Try it →
For the material below, return exactly the lines starting at the line containing "Camisa Calderoni -Non" and ending at the line containing "Hampton Inn by", both ends included, and no others.

Provided records →
.....
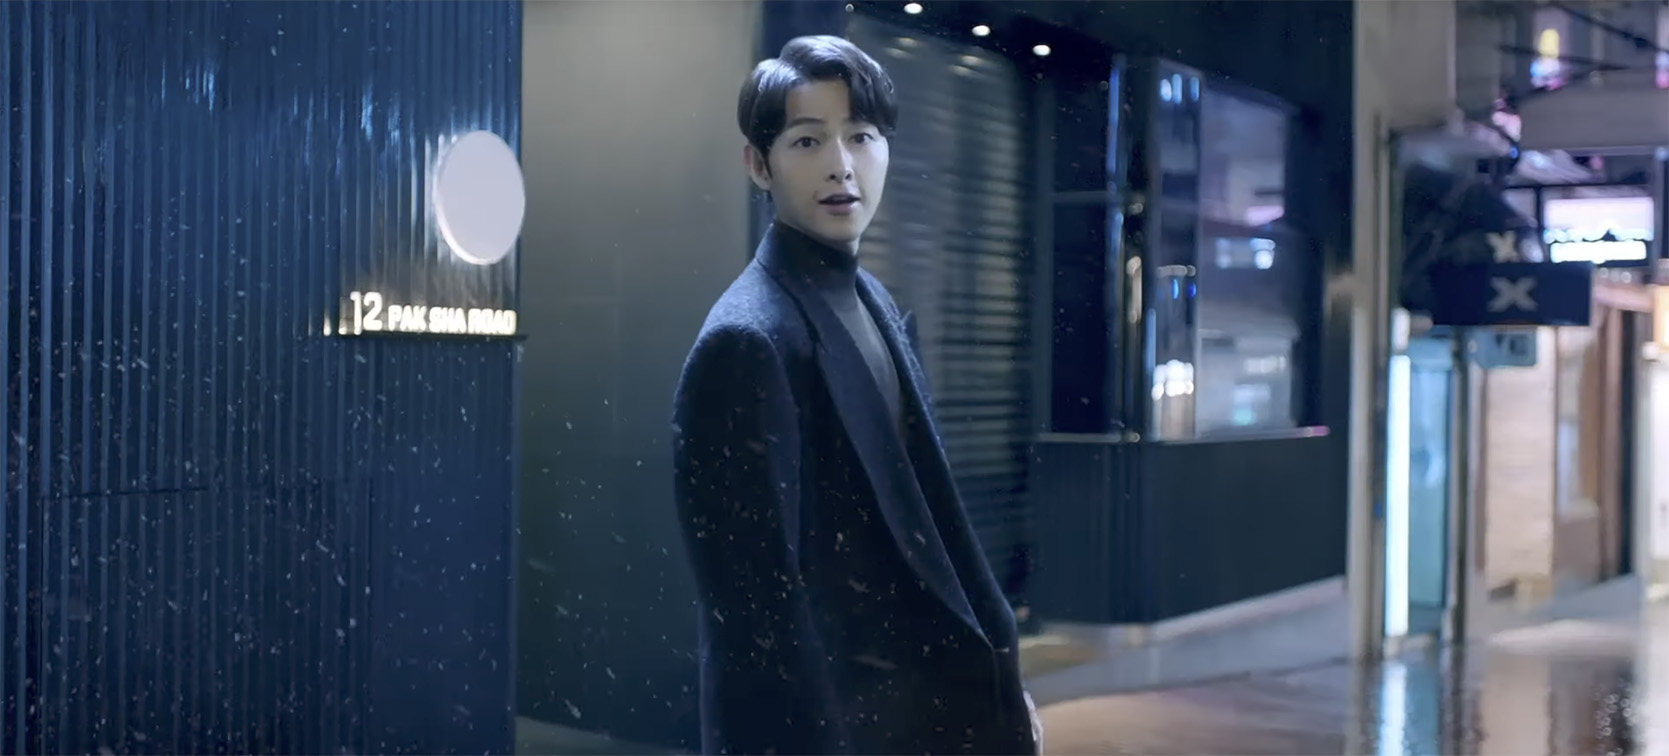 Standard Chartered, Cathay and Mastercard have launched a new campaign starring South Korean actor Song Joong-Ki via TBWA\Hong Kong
.....
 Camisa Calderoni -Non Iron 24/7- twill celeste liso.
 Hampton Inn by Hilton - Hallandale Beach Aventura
.....
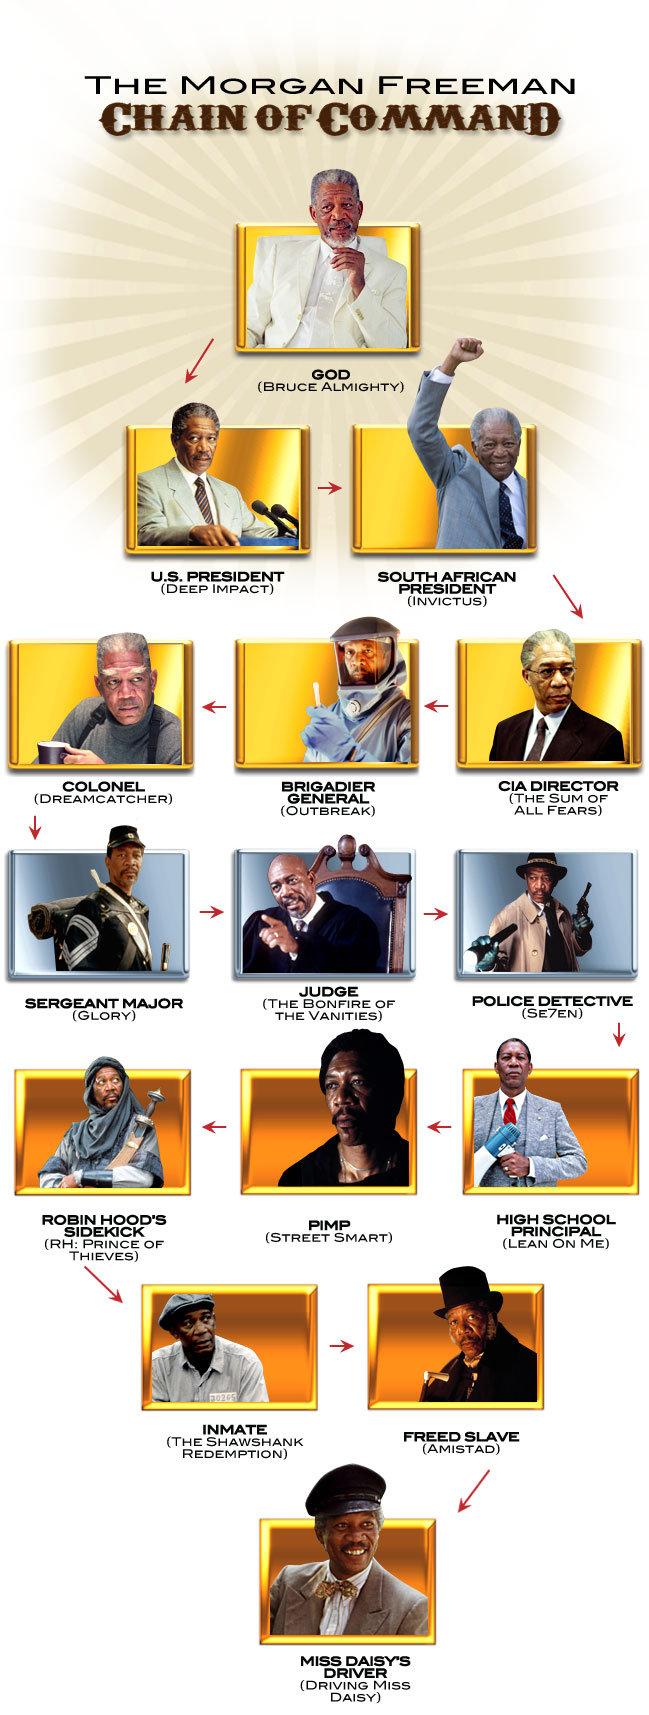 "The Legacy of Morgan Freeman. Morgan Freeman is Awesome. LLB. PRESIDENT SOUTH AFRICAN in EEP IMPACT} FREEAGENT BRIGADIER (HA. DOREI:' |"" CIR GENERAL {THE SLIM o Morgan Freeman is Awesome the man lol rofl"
.....
Response area →
 Camisa Calderoni -Non Iron 24/7- twill celeste liso.
 Hampton Inn by Hilton - Hallandale Beach Aventura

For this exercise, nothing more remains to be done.